# AI Workbench Library
A comprehensive Rust library for AI workbench operations including file processing, intelligent splitting, and AWS Bedrock integration.
## Features
- **File Discovery**: S3-based file discovery and processing
- **Intelligent File Splitting**: Type-aware chunking for various file formats (text, CSV, JSON, code)

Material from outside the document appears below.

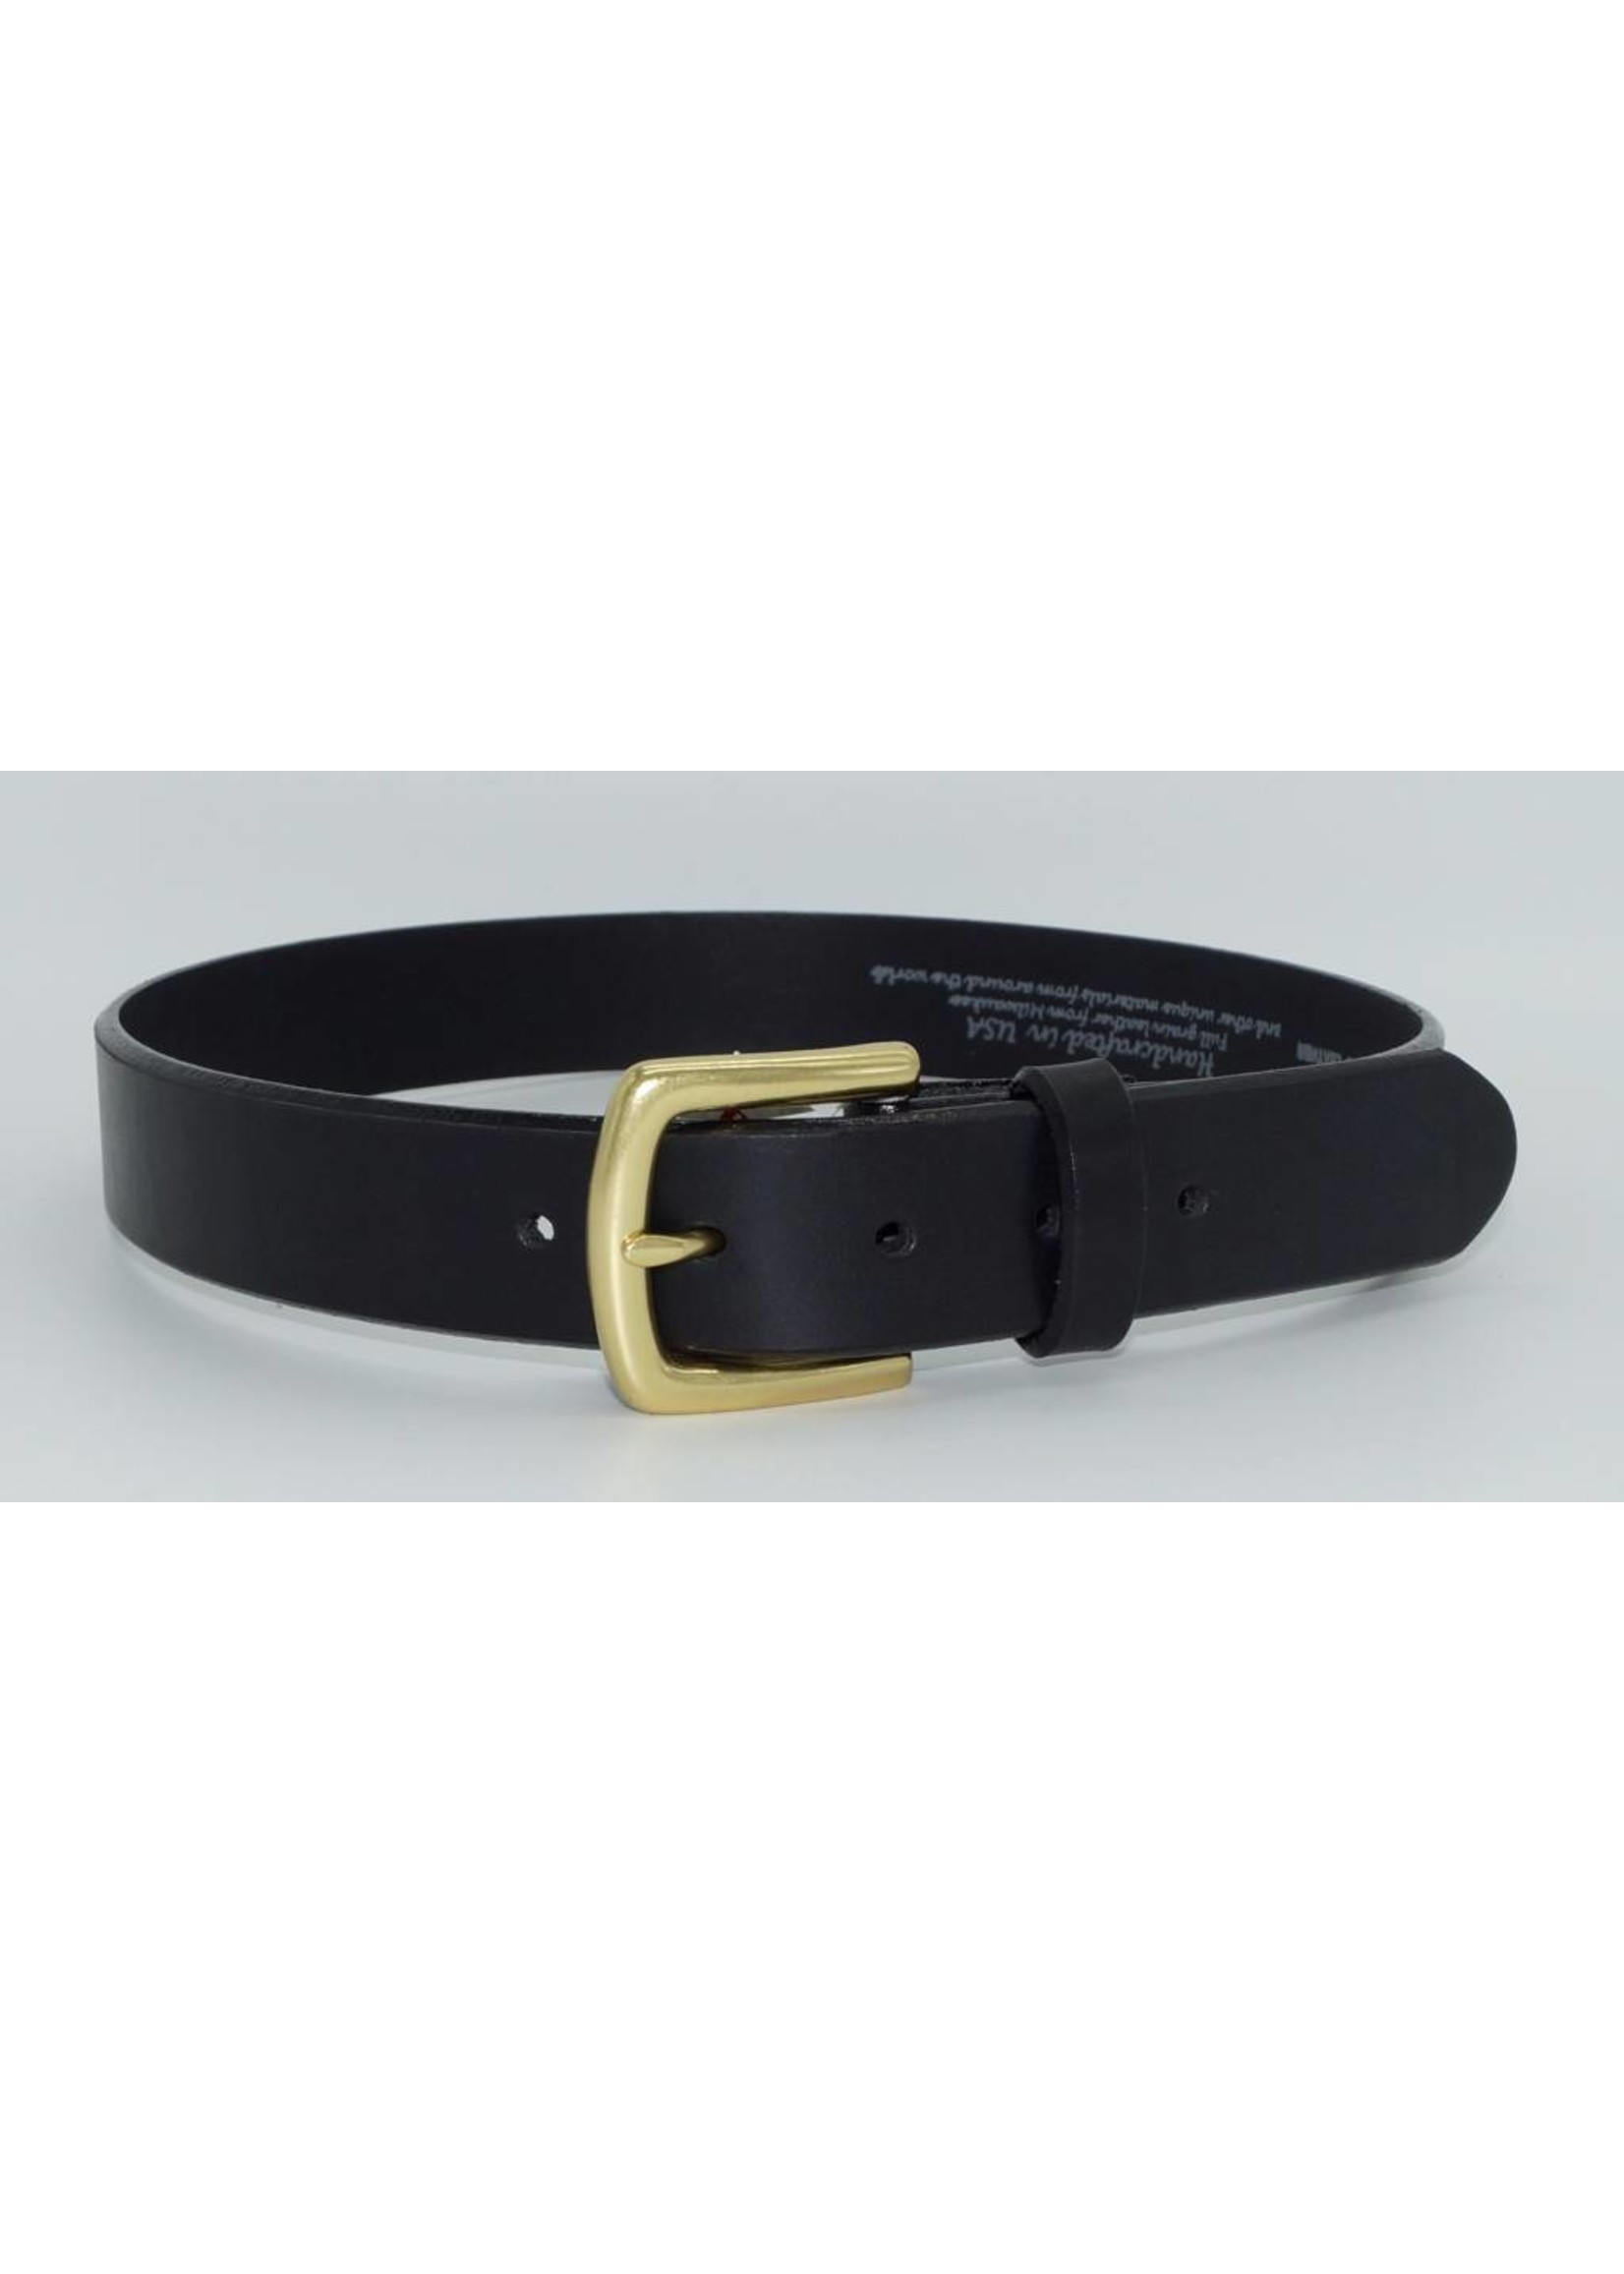 Leegin Leegin English Bevel Belt Black 21803

- **AWS Bedrock Integration**: Model runner for seamless AI model interactions
- **Job Processing**: Complete workflow orchestration for AI processing tasks
## Installation
Add this to your `Cargo.toml`:
```toml
[dependencies]
ai-workbench-lib = "0.1.0"
```
## Quick Start
```rust
use ai_workbench_lib::{JobProcessor, JobConfig};
use aws_config::BehaviorVersion;
use aws_sdk_s3::Client as S3Client;
use aws_sdk_bedrockruntime::Client as BedrockClient;
use std::sync::Arc;
#[tokio::main]
async fn main() -> anyhow::Result<()> {
// Initialize AWS clients
let config = aws_config::load_defaults(BehaviorVersion::latest()).await;
let s3_client = Arc::new(S3Client::new(&config));
let bedrock_client = Arc::new(BedrockClient::new(&config));
// Create job configuration
let job_config = JobConfig {
job_id: "my-job".to_string(),
prompt: "Analyze this file: {{file}}".to_string(),
workspace_bucket: "my-workspace-bucket".to_string(),
input_spec: "path/to/file.txt".to_string(),
output_prefix: "outputs/".to_string(),
model_id: "amazon.nova-micro-v1:0".to_string(),
workspace_id: "ws-123".to_string(),
user_id: "user-123".to_string(),
chunk_size_mb: Some(5.0),
max_parallel: Some(4),
include_file_context: Some(true),
};
// Process the job
let processor = JobProcessor::new(s3_client, bedrock_client, job_config);
let (output_key, metrics) = processor.run().await?;
println!("Job completed! Output: {}", output_key);
println!("Processed {} files with {} tokens",
metrics.files_processed, metrics.total_tokens);
Ok(())
}
```
## Components
### File Discovery
Discover and process files from S3 buckets:
```rust
use ai_workbench_lib::FileDiscovery;
let discovery = FileDiscovery::new(s3_client, "my-bucket".to_string());
let files = discovery.discover_files("path/to/files/").await?;
```
### File Splitting
Intelligent file splitting with type-aware chunking:
```rust
use ai_workbench_lib::{FileSplitter, SplitConfig};
let splitter = FileSplitter::with_config(SplitConfig {
chunk_size_mb: 5.0,
_preserve_boundaries: true,
min_chunk_ratio: 0.1,
});
let chunks = splitter.split_file(&file_path, &file_data)?;
```
### Model Runner
Direct AWS Bedrock model interactions:
```rust
use ai_workbench_lib::ModelRunner;
let model_runner = ModelRunner::new(bedrock_client);
let (response, tokens) = model_runner
.invoke_model("amazon.nova-micro-v1:0", "Your prompt here", 4000)
.await?;
```
## File Type Support
The library automatically detects and optimally processes:
- **Text files**: Line-based chunking with context preservation
- **CSV/TSV files**: Row-based chunking with header preservation
- **JSON files**: Object/array-based intelligent splitting
- **Code files**: Syntax-aware chunking (Rust, Python, JavaScript, etc.)
- **Binary files**: Basic size-based chunking
## Requirements
- Rust 1.70+
- AWS credentials configured
- Tokio async runtime
## License
MIT License - see LICENSE file for details.
## Contributing
Contributions welcome! Please read our contributing guidelines and submit pull requests to our GitHub repository.